GDF-15 levels increased in CIN group in AMI patients underwent PCI. GDF-15 was an independent risk factor for CIN in AMI patients underwent PCI. GDF-15 level and CIN are independent risk factors for all-cause mortality and MACE in short-term follow-ups.
探讨生长分化因子 15(GDF-15)与急性心肌梗死(AMI)经皮冠状动脉介入治疗(PCI)后对比剂诱导肾病(CIN)的关系。
回顾性研究 311 例 AMI 患者。所有患者均根据 PCI 后 CIN 的发生情况分为两组。比较两组间的基线临床资料。采用多因素 logistic 回归分析识别 CIN 的危险因素。采用 Cox 回归分析识别 GDF-15、CIN 与短期预后的关系。

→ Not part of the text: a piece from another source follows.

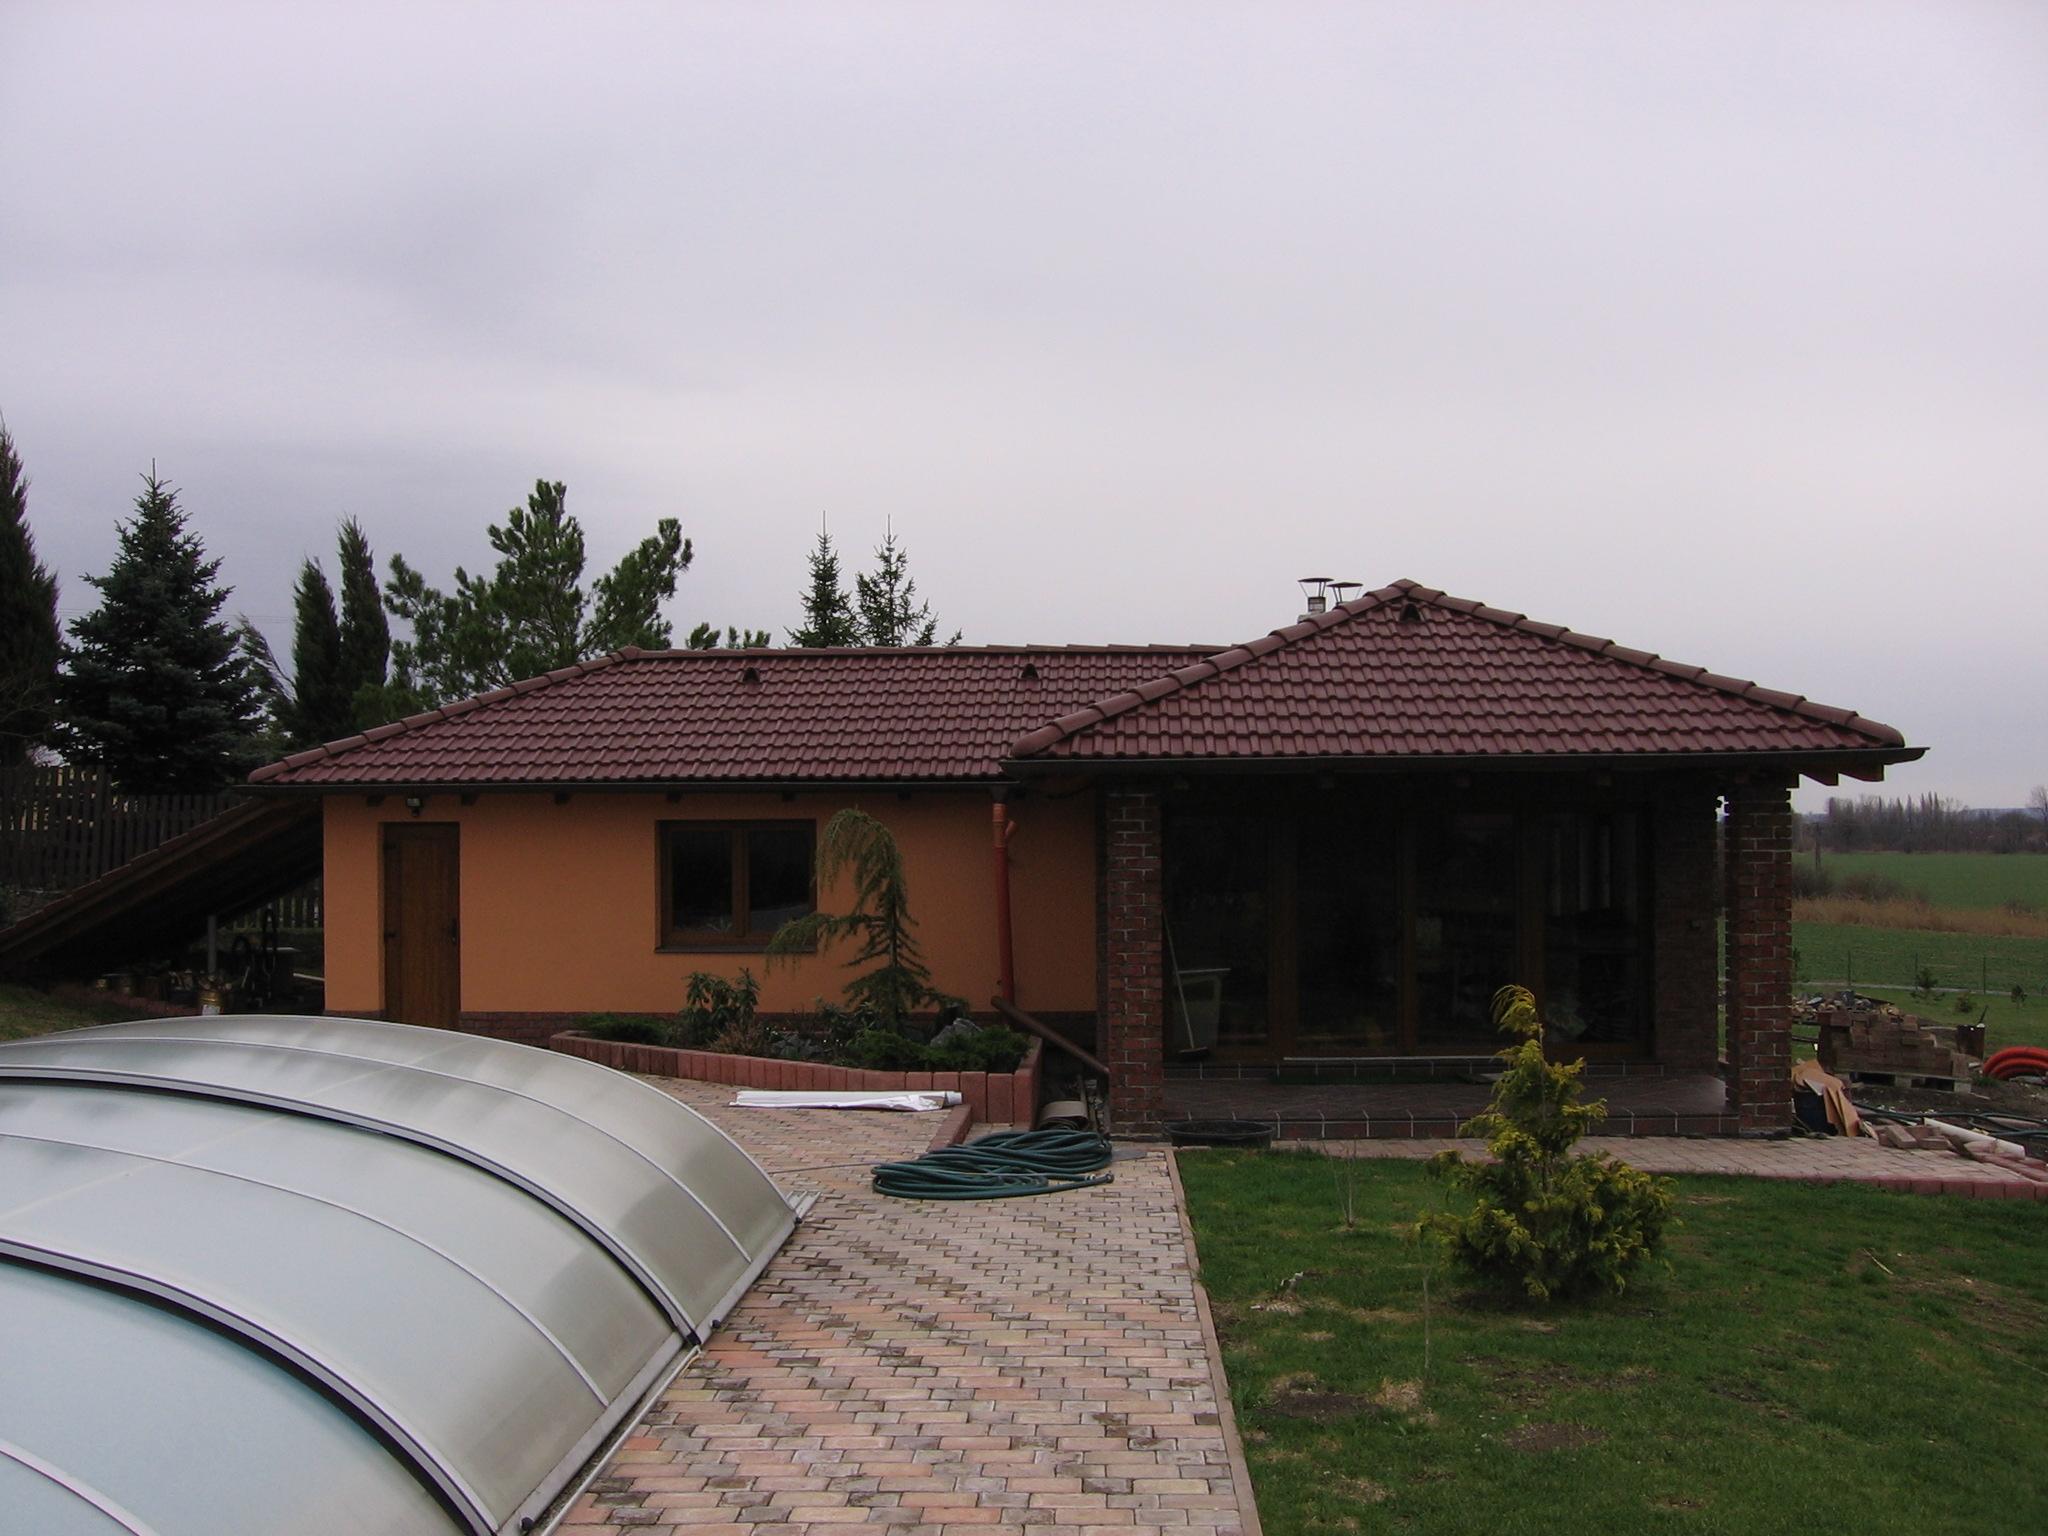 betonovc3a1-krytina-bramac3

CIN 组 80 例(平均年龄 71.60±13.00 岁;67.5%为男性),非 CIN 组 231 例(平均年龄 63.80±11.70 岁;71.9%为男性)。CIN 组 GDF-15 浓度高于非 CIN 组(1232±366.6ng/L 比 939.20±309.6ng/L,P<0.001)。根据 GDF-15 四分位数,将患者分为四组。多因素 logistic 模型表明,与较低水平的 GDF-15(Q1、Q2 和 Q3)相比,最高四分位数(Q4)与 CIN 的发生风险显著增加(OR:3.572,1.803-7.078,P<0.001)。在 243 例可计算 ACEF 风险评分的患者中,GDF-15 的曲线下面积(AUC)为 0.793,95%CI:0.729-0.856,P<0.001,而 ACEF 的 AUC 为 0.708,95%CI:0.630-0.786,P<0.001。以 10%和 30%为任意阈值,将患者定义为低危、中危和高危,GDF-15 的净重新分类改善(NRI)为 0.32(95%CI:0.123-0.518,P=0.001),优于 ACEF 风险评分。Cox 回归模型显示,GDF-15 浓度高(Q4)与全因死亡率和主要不良临床事件(MACE)风险增加显著相关(HR:8.434,95%CI:2.650-26.837,P<0.001;HR:3.562,95%CI:1.658-7.652,P=0.001),与 GDF-15 水平较低(Q1、Q2 和 Q3)相比。CIN 是 AMI 患者全因死亡率和 MACE 的独立预测因子(HR:3.535,95%CI:1.135-11.005,P=0.029;HR:5.154,95%CI:2.228-11.925,P<0.001)。
AMI 患者 PCI 后 CIN 组 GDF-15 水平升高。GDF-15 是 AMI 患者 PCI 后 CIN 的独立危险因素。GDF-15 水平和 CIN 是短期随访全因死亡率和 MACE 的独立危险因素。